I recently looked into a slight performance regression after landing a string-related patch. I’ve never been sure what the best process is to look into these things, so I thought I’d at least write down what I came up this time in case it’s useful to future-me or some helpful reader can tell me I’m being an idiot and there’s a Much Better Way. (Other than padenot, who has already implemented a Much Better Way for part of this. I’ve only just begun to try using it, and will perhaps do more in a later post.)
Note that the formatting in the post is really awful, and is motivating me to get around to migrating my blog to someplace I can control even though it probably means I’ll lose my Planet Mozilla syndication in the process (because I’m not sure anyone maintains it anymore?) Bye bye in advance! I plan to cross-post for a while, but given that I had 0 posts for 3 years, that has little meaning. If you can, you’re probably better off reading this post via a feed reader or something rather than going to the blog.m.o site.

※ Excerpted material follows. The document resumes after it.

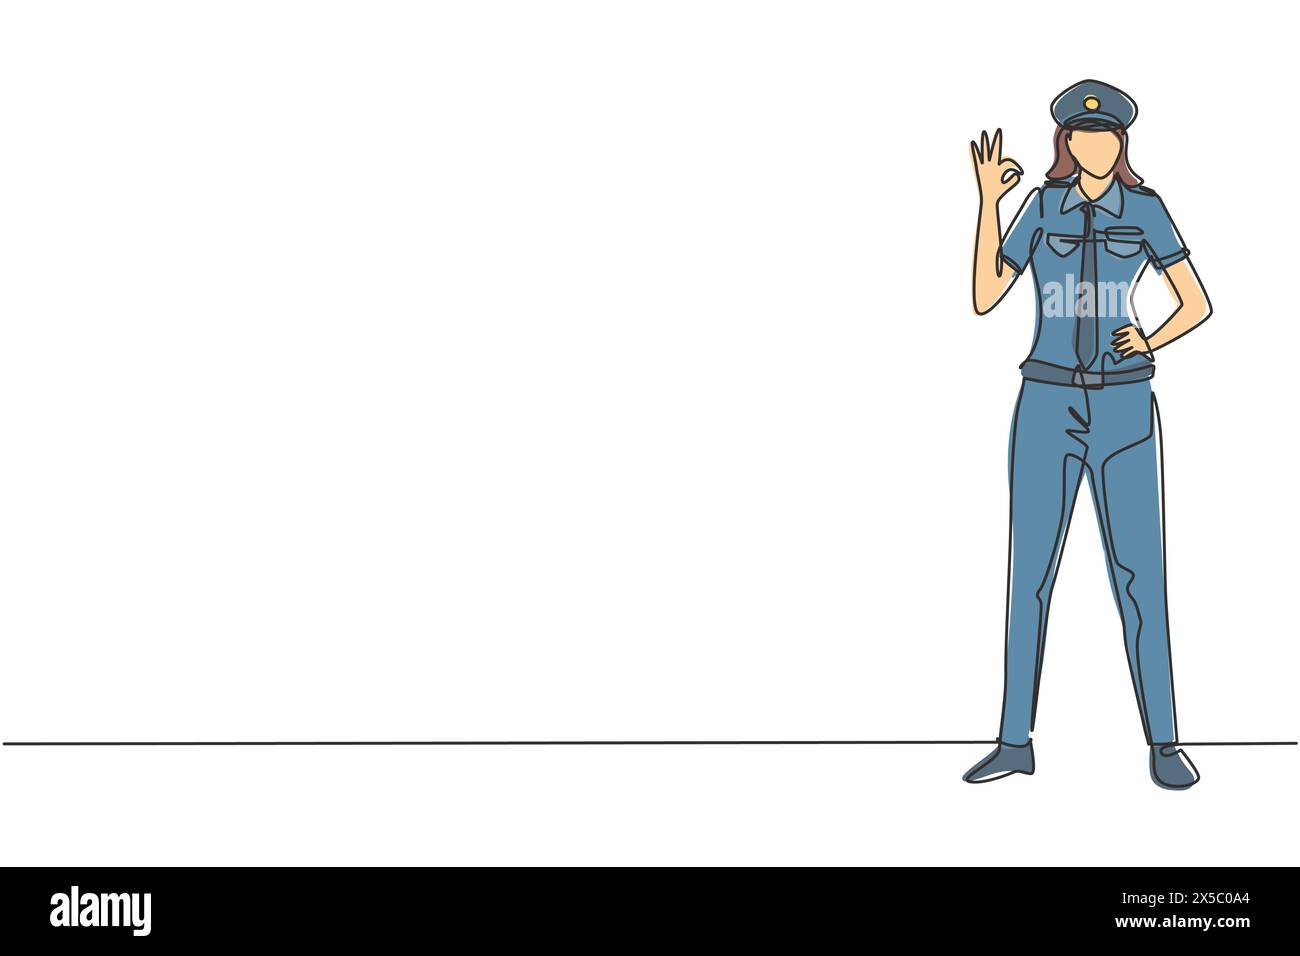 Un disegno su una sola linea di pilota donna sta con un gesto okay e uniforme completa serve i passeggeri dell'aereo volare a destinazione. Moderno e continuo Illustrazione Vettoriale
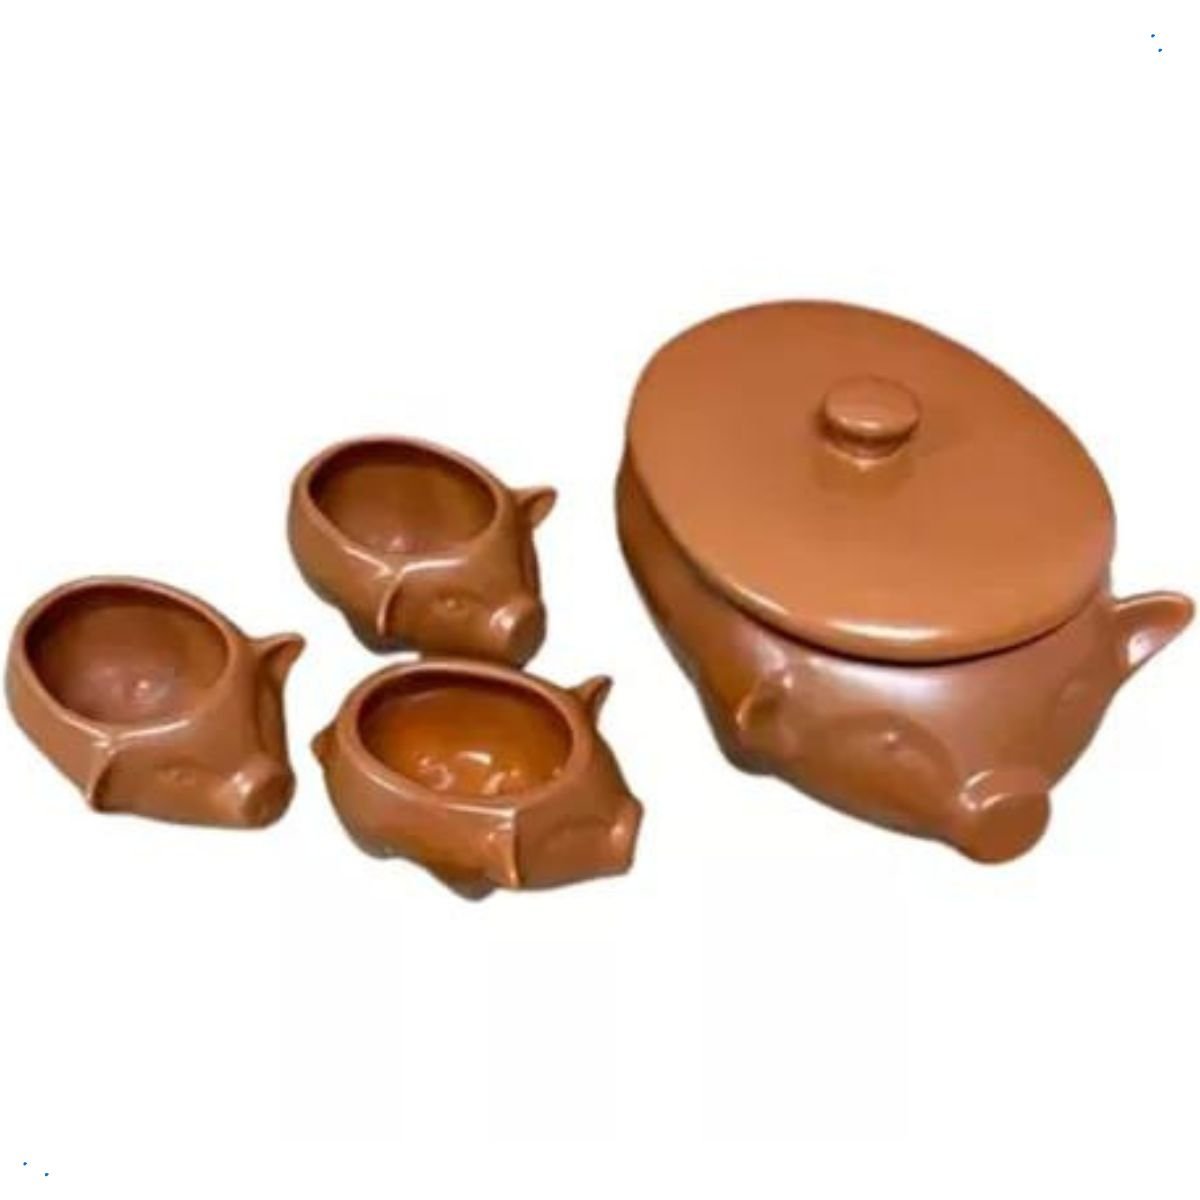 Kit Feijoada Caldo Sopeira Bowl Cerâmica 4 Peças Casa Dami Kit para Feijoada, Kit Feijoada, Sopeira,

The basic issue: I landed a patch, I got an alert saying I had improved 3 subtests and regressed another 3. I was curious, so I dug into the first (and largest) regression.
I first opened the “before” and “after” links in separate tabs, and added “after – ” and “before – ” prefixes to their names so I could tell them apart. (Note: my actual process was way clumsier than I’ll be describing, involving me repeatedly confusing myself over which profile was which, until I finally did what I say here.)
That done, I went to the marker chart and flipped back and forth between them to sort of eyeball-animate the change from before to after. That was confusing because the “after” seemed slightly faster. The marker chart is clogged with lots of “CSS transition” markers, so I filtered those out with -name:CSS
in the filter field. (Actually, I flailed around for a while to figure out what the syntax of that field was first, and ended up creating a PR to add my findings to the documentation.)
That showed me that the profile contains 10 iterations of sp3. I tried looking at just one in each profile, but that was pointless, since each iteration goes through all of the sp3 tests and my regressing test gets lost in the noise. Instead, I used the devtools console and grabbed out the markers I wanted by name:
filteredMarkers.filter(m => m.data.name === "Charts-chartjs.Draw scatter-async")
Later on, I instead filtered by name in the UI:
-name:CSS,Draw scatter-async
which later turned into Draw scatter-async,-name:-end,-name:-start
to only look at the interval markers rather than the older `-start` and `-end` markers that now just serve as noise.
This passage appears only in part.